Either way—I kinda knew what I was getting into. I’m not saying I had a real plan. My brain existed in a superposition since Friday when I picked the ham up after work. I neither acknowledged the ham as something I would eat, nor did I discount the idea. I didn’t think about the carbs. I didn’t swear it off. I just picked the thing up and forgot about it.

Sunday rolls around. I’m still not thinking much about it. Eventually, it’s time. I unwrap it (mainly to get some for my son’s dinner plate), and that’s when I have to make a decision. God, it looked good. Ham by itself? Totally fine. But honey baked ham, with globs of caramelized sugar stuck to the edges of each slice? That’s something else.

The initial plan: avoid the sugary bits, stick to the meat. You’ll be fine. Wrong.

That plan fell apart the second I accidentally ingested a small piece of literal crack. I’m exaggerating—but yeah, once it happened, I just kind of acknowledged the truth: there was a real chance I’d get kicked out of ketosis. I mentioned it to my wife too. And when I say I didn’t mind that idea, I mean it. Here’s why…

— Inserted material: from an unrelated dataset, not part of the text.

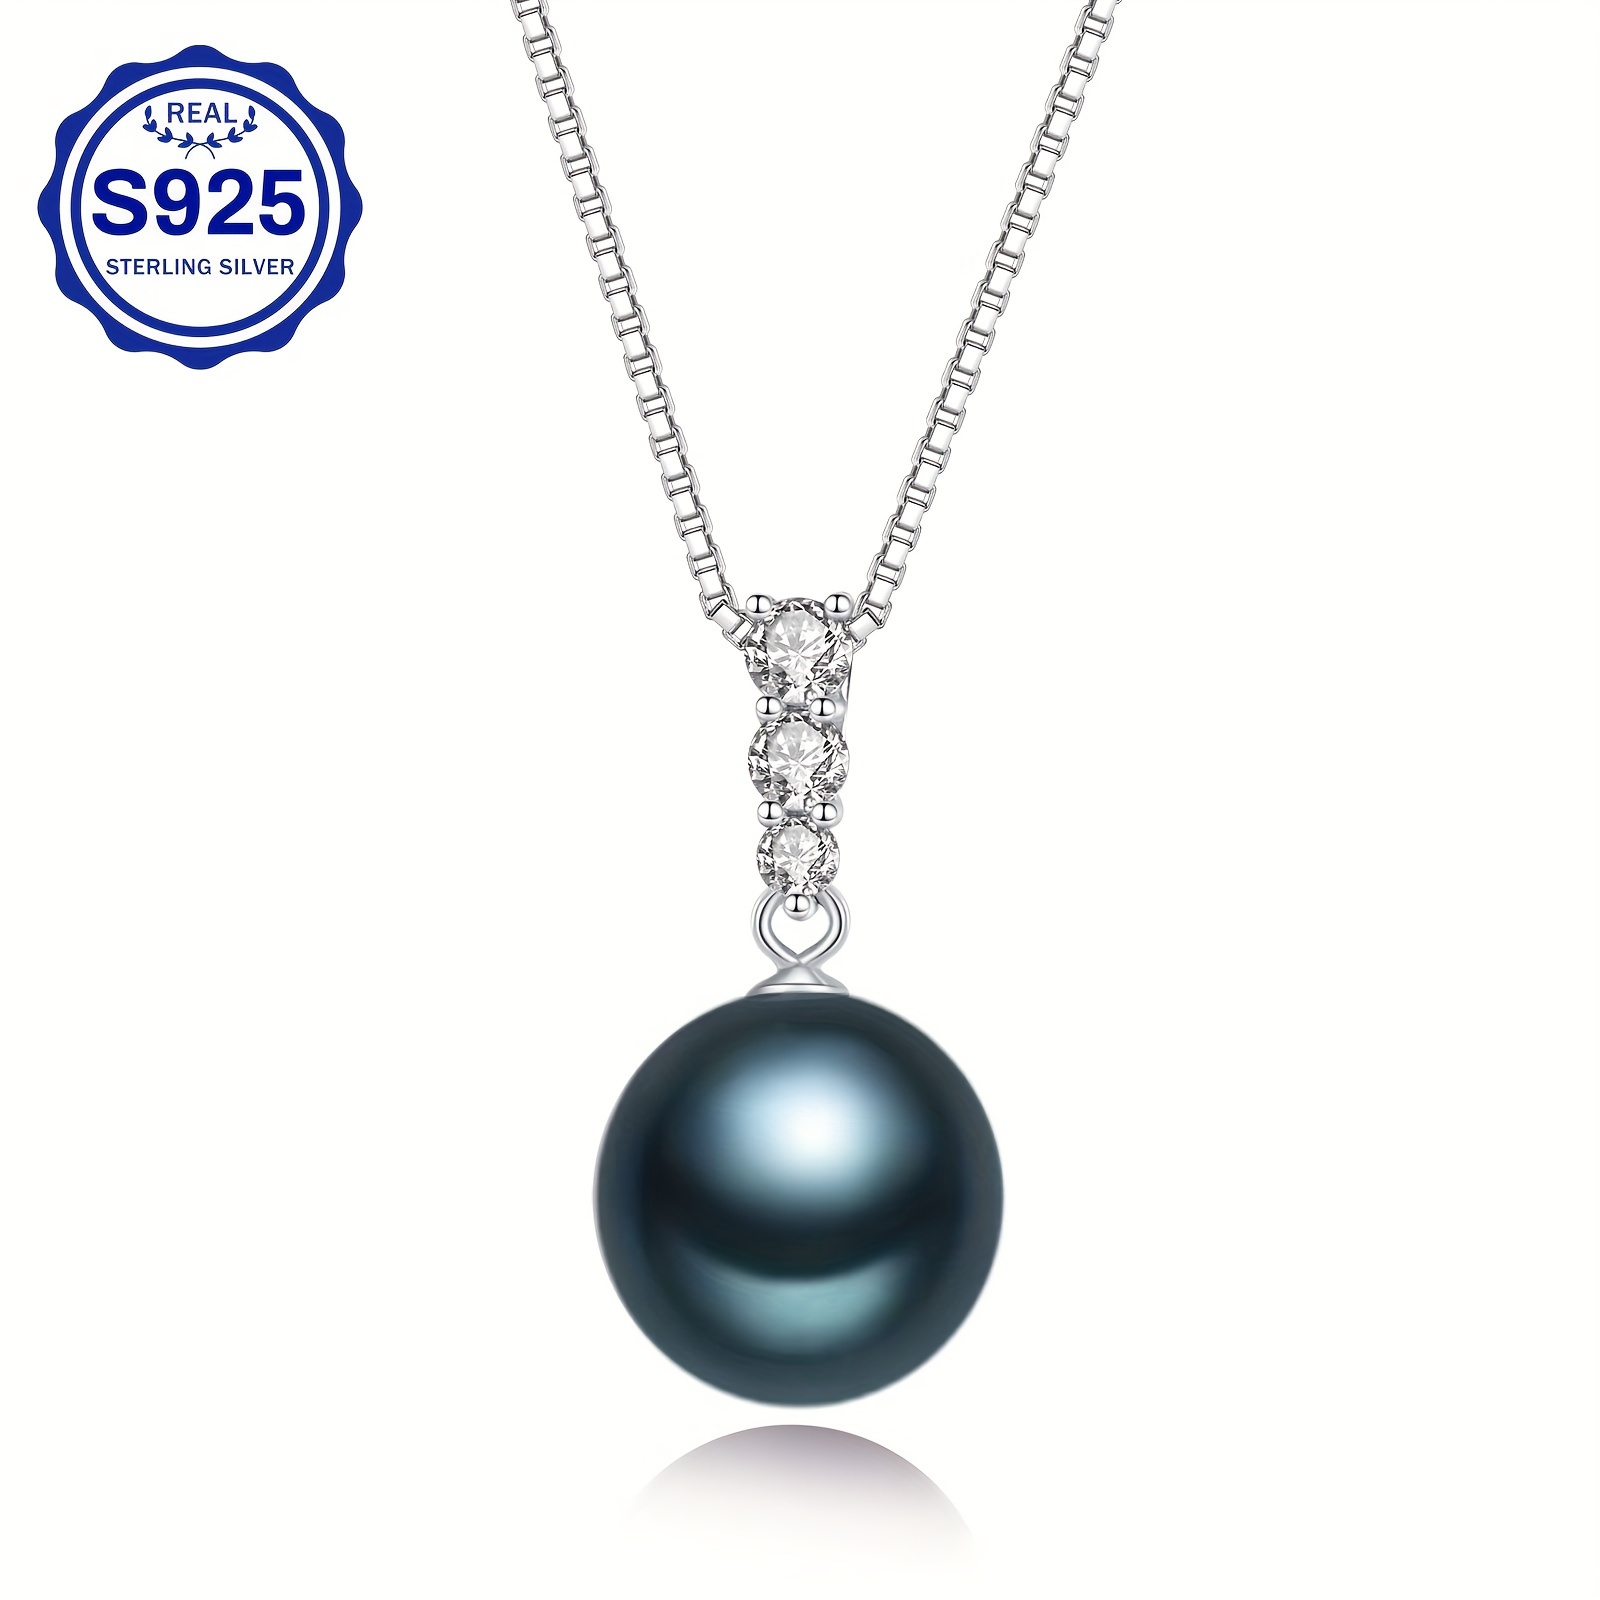 

Black Pearl Necklace, 11-13mm Genuine Tahitian Pearls Round, 925 For Women, Pendant Necklace With 18 Inch+2" Chain, Anniversary Jewelry Gifts For Wife Mom

This time around with keto is different. Or at least, it’s supposed to be. The plan is: keto is the baseline, everything else is the exception. This is a lifestyle now. There’s no “end” in sight. I’m not doing keto for eight months and then exiting. I’m the kind of guy who eats keto full time—and maybe occasionally breaks to celebrate the Lord on Easter. (I am an atheist. But for God, I will eat some carbs.)

Easter was what it was. I didn’t know if I got kicked out or not, but the second round of honey baked ham at 11 p.m. didn’t help. Neither did the following day, when I tested my blood and confirmed I was out of ketosis—and then ate six more pieces without guilt.

It’s two days of my life. I’ve been keto for over two months now. The plan? Act like I never stopped.

Really—it’s that simple. In the past, I’d get derailed if I got off my game. That’s the unfortunate side effect of being an “all or nothing” guy. But something’s different this time. I’m not discouraged. I know I’ll be okay.

Tomorrow, I’ll wake up, grab my black coffee or zero-carb energy drink, fast until the afternoon, and eat a normal keto dinner. Business as usual.

I’m done being fat. I’m done with the bullshit. I’m a full-time keto guy who cheats once in a blue moon—and then acts like it never happened. And honestly? Acting like it never happened helps. It gets you back on track immediately. No spiral. No guilt binge. Just back to normal macros.

So that was Easter.

I wanted to share a real keto story—from someone who’s living it day to day, and who’s laser-focused on the goal of eliminating obesity once and for all. I’ll be watching the short-term weight data to see if this little detour had any noticeable effect. But ultimately, I’m letting it fade into the background as just a small blip in a long-term trend.